The third step is to build a basic linear model and diagnose it. Diagnosis involves finding significant and insignificant factors and the analysis of the coefficient of determination. Insignificant factors should be eliminated and the analysis is to be made again. Also there is a need to conduct formal tests for functional form and heteroscedasticity: Breusch-Pagan-Godfrey; White; Glejser. The next stage is to assess the basic model’s multicollinearity and to create the correlation matrix. If this matrix includes factors which have a strong linear relationship, I get rid of them and repeat this step again.

For the fourth step I evaluate alternative model specifications and to diagnose them according to the previous step. Than receiving new model specifications should be compared with each other. For this move I use comparative analysis of the next three values: Adjusted R-squared; kurtosis; asymmetry. The final stage of the fourth step is selecting the best model. This decision is based on picking up the pattern with the highest R-squared and without heteroscedasticity.
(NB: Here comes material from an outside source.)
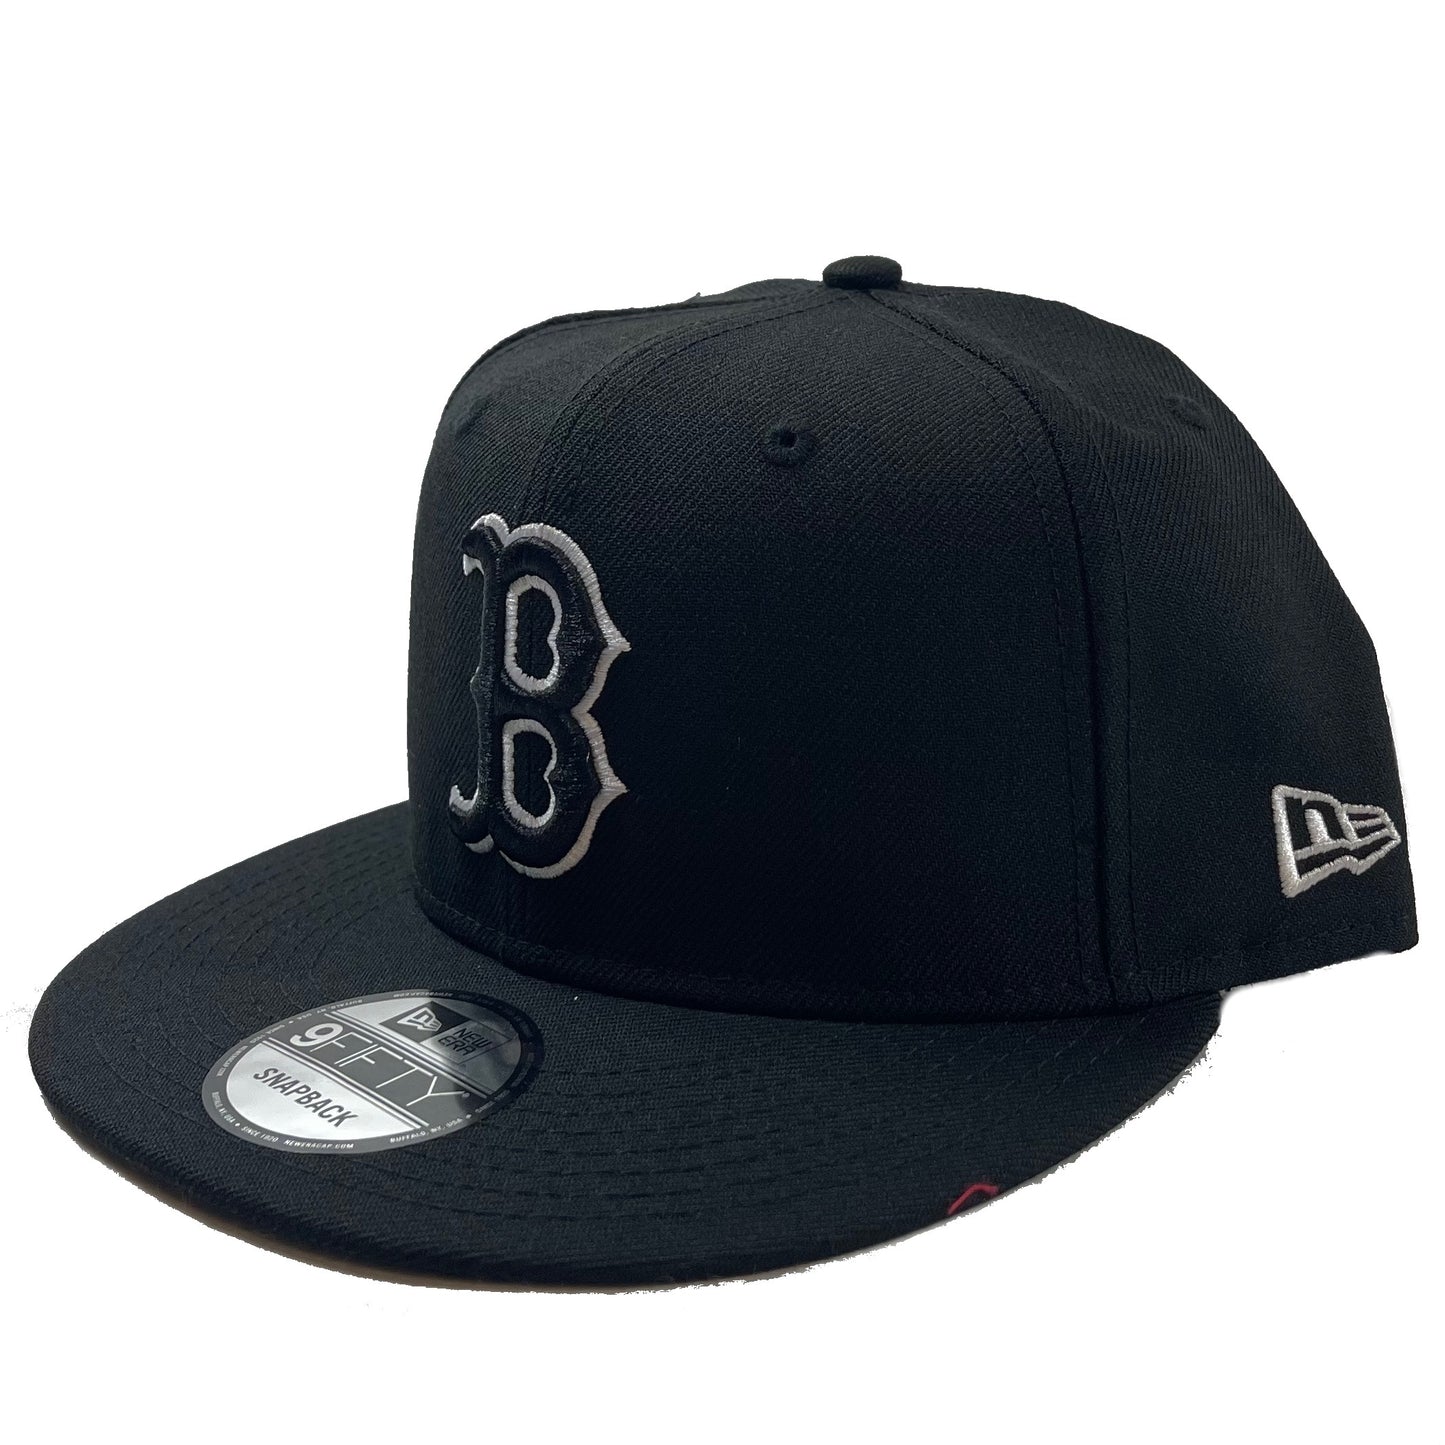 Boston Red Sox (Black) Snapback/Fitted

As a result we have a certain method, which is described above. The mythology of the research includes next six steps:

  1. to collect data from the OECD Regional Database;
  2. to conduct a descriptive analysis of the sample for a preliminary assessment of its quality;
  3. to build a basic linear model and diagnose it;
  4. to evaluate alternative model specifications and to diagnose them;
  5. to assess the impact of indicators on GDP.
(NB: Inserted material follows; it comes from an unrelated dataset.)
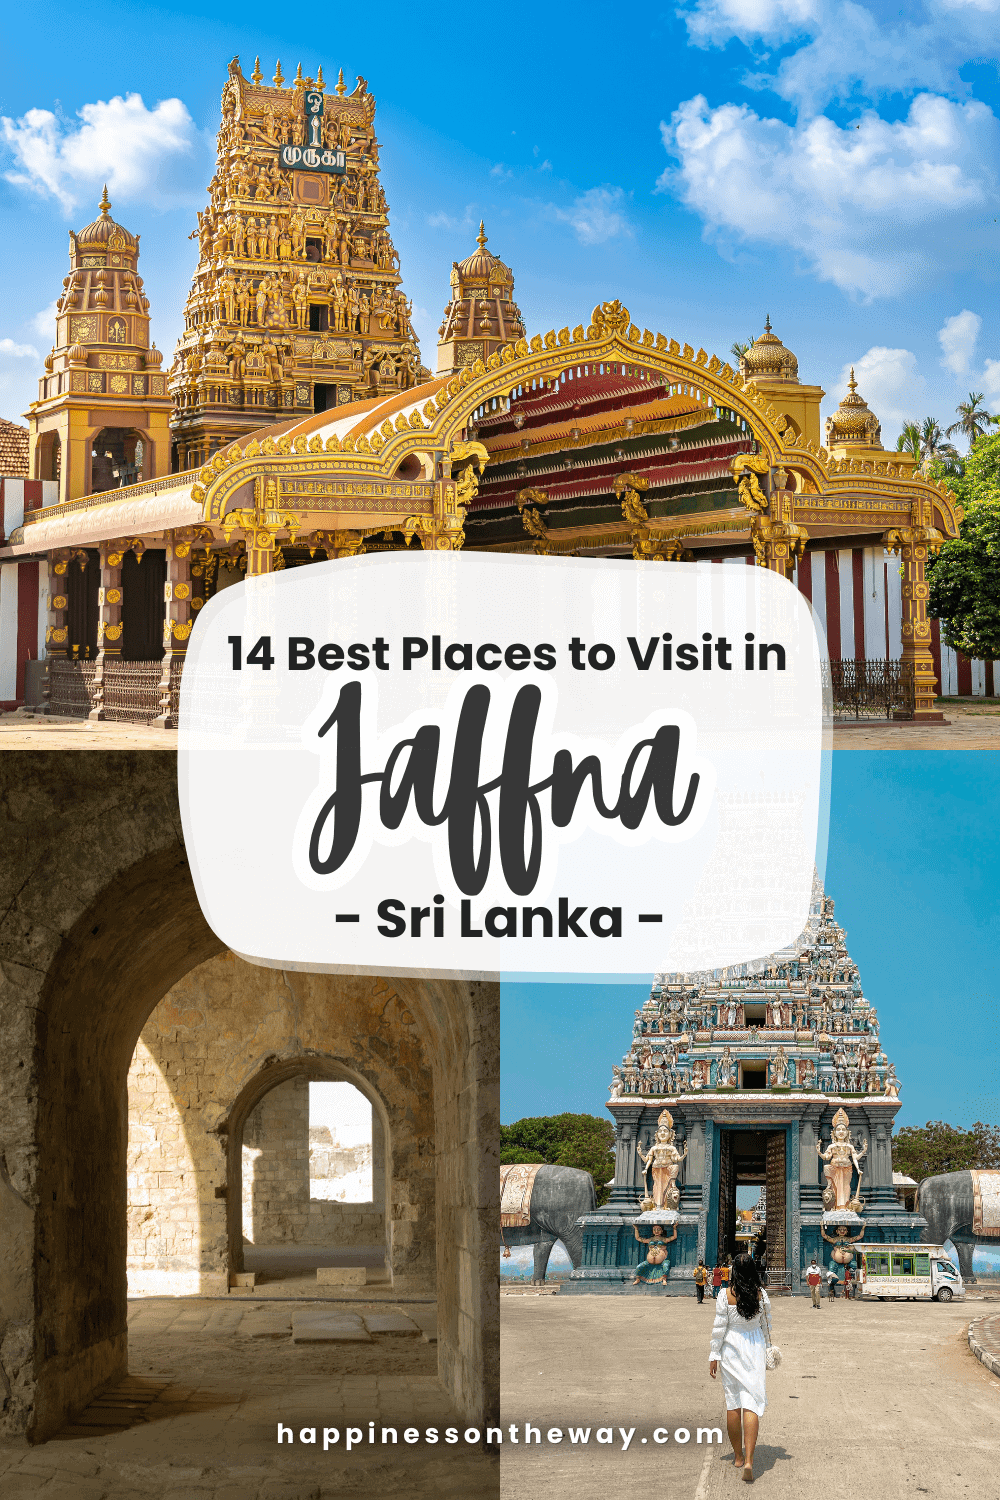 14 Best Places to Visit in Jaffna

Interpreting multiple logistic regression coefficients: the regression coefficient at regressor expresses the elasticity of the dependent variable on this factor at a constant other variables. As it has been mentioned before model proposes that the regressor is regional per capita gross domestic product in country’s regions. On the on hand, if some factors have a weak degree of influence on the GDP, I make the assumption that there are problems in some of considered areas. On the other hand, in the case where factors have a strong influence relevant areas have a favorable environment in the region. Thus we can identify weaknesses and strengths of country’s Innovative system.


References
  1. Carvalho N., Carvalho L., Nunes S. A methodology to measure innovation in European Union through the national innovation system //International Journal of Innovation and Regional Development. – 2015. – Т. 6. – №. 2. – С. 159-180.
  2. Fomby T. B., Hill R. C., Johnson S. R. Advanced econometric methods. – Springer Science & Business Media, 2012.
  3. Yongze Y. Innovation Cluster, Government Support and the Technological Innovation Efficiency: Based on Spatial Econometrics of Panel Data with Provincial Data [J] //Economic Review. – 2011. – Т. 2. – С. 012.
  4. Usai S. The geography of inventive activity in OECD regions //Regional Studies. – 2011. – Т. 45. – №. 6. – С. 711-731.